System for Picture Interpretation for Blind
UI Analysis

Zdenek Mikovec
xmikovec@fel.cvut.cz

Abstract

The problem of description and interpretation of pictorial information by blind users is discussed. A system both for description and interpretation of pictorial information has been designed and implemented. The user interface (UI) of the software tools for browsing the picture by blind users is presented.

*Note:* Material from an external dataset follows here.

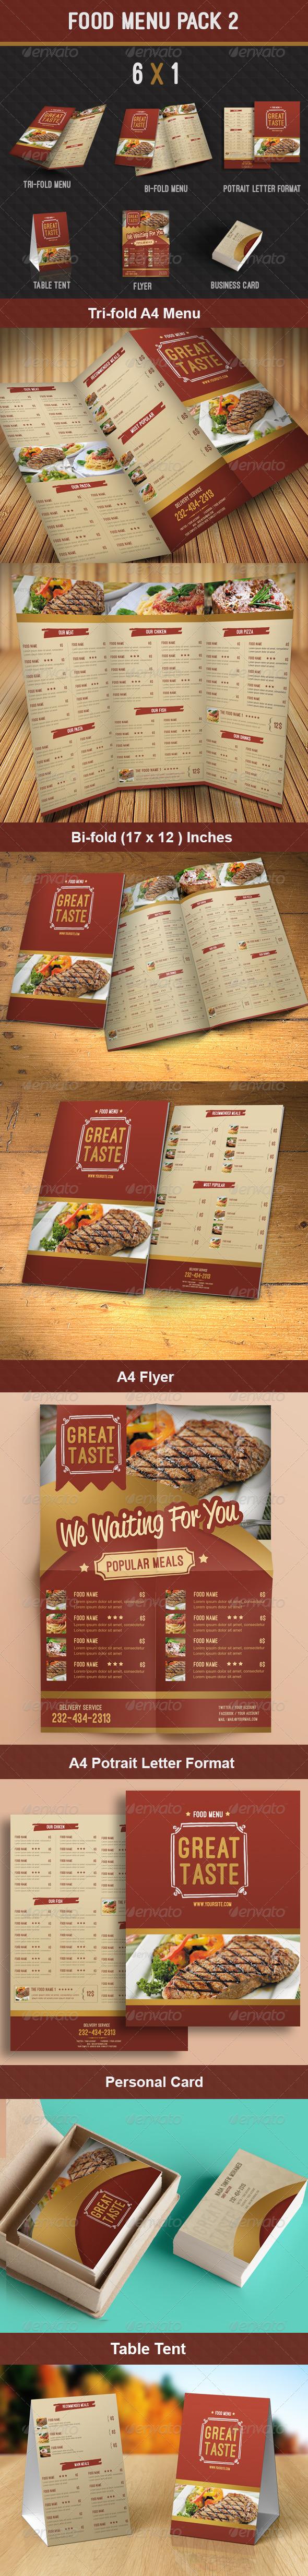 GraphicRiver Food Menu Pack 2 8353801

Detail information about this project at http://cs.felk.cvut.cz/~xmikovec/bis.


Contents

1. Introduction
2. Problem specification
3. Solution
4. Conclusion

1. Introduction

Development of Information Technologies (IT) at the end of 20th century brings two main changes for the blind. The first, positive one is extensive electronic communication, which gave blind people the ability to work and communicate with other people at nearly the same level as non-blind. The second, negative change (for the blind) is more intensive use of graphical user interface (GUI) with pictures and visual effects. The problem of graphical information is its very difficult presentation for the blind and the problem of GUI is a difficult orientation in it for the blind.
The motivation of our work is to suppress these negative aspects of new IT and support positive changes in IT development in such a way that the blind can use them more extensively.
In many cases the use of GUI is entirely dependent on the perception of graphical information in a form of pictures of various kinds. This means that blind users should get access to graphical information (at least on some level) in order to process the graphical information presented. The solution to this problem is the existence of tools that would allow blind users to browse a picture in a specific way. There are many problems related to picture perception. The meaning of a picture is specified both by the list of objects in the picture and by relations among objects. These relations are either of structural nature (left, right etc.) or semantic nature (a person talks to another person). Picture understanding is then derived from combination of both relation types.
Another problem that we had to solve is the handling of picture hierarchy. In general it is possible to group objects and also establish relations among these groups. The hierarchy can help us to perceive pictures on different levels of detail. This means that a tool that would allow blind users to browse pictures should be able to work with hierarchies. Besides the browser, by means of which blind users can perceive the picture, it is necessary to create a tool that would allow us to create the picture description that could be processed by the browser with properties described. In the following text the strategy for creation of such a tool for picture description creation is described. In order to automatize creation of both the picture description module and its browsing module some formal approach had to be devised. Such a tool is a grammar that allows us to define structure of picture description.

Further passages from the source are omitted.